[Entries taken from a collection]
● ● ● ● ● ● ●

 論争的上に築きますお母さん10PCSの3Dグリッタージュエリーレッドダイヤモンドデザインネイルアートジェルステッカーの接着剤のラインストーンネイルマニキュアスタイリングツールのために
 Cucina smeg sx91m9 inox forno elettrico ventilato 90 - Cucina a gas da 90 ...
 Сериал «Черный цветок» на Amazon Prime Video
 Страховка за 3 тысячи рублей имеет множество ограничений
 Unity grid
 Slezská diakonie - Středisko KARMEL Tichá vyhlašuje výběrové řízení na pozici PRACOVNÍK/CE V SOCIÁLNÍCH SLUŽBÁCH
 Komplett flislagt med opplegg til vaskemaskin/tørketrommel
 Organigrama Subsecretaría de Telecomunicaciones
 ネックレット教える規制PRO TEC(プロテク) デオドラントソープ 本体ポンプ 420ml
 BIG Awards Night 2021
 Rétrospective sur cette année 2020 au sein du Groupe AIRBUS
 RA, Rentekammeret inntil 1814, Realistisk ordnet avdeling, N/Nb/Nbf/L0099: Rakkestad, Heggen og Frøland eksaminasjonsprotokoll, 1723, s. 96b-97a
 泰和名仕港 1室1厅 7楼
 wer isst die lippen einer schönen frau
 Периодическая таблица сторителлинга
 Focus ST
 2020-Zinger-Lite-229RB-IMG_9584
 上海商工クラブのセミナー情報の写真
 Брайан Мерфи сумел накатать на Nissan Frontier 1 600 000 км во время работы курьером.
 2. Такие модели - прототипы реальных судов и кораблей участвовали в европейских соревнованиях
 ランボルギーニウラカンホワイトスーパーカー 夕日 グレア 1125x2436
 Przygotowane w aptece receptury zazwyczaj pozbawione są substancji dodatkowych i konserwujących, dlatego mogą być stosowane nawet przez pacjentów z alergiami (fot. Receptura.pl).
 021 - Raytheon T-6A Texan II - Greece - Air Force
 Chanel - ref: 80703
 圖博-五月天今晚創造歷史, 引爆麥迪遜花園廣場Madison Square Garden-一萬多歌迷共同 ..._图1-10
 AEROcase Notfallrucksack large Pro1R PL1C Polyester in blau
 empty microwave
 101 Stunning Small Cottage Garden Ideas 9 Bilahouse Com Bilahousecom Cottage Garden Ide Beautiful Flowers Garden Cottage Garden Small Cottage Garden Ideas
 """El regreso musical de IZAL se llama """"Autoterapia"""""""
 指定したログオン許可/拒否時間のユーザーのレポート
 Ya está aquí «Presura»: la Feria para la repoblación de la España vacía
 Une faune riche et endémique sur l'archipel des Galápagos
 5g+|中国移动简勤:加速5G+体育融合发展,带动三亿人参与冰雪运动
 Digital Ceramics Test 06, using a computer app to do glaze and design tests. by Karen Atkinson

● ● ● ● ● ● ●

Could you set down exactly the lines above, from the one containing "指定したログオン許可/拒否時間のユーザーのレポート" through the last, including both and nothing else?

OUTPUT OF THE EXERCISE.
 指定したログオン許可/拒否時間のユーザーのレポート
 Ya está aquí «Presura»: la Feria para la repoblación de la España vacía
 Une faune riche et endémique sur l'archipel des Galápagos
 5g+|中国移动简勤:加速5G+体育融合发展,带动三亿人参与冰雪运动
 Digital Ceramics Test 06, using a computer app to do glaze and design tests. by Karen Atkinson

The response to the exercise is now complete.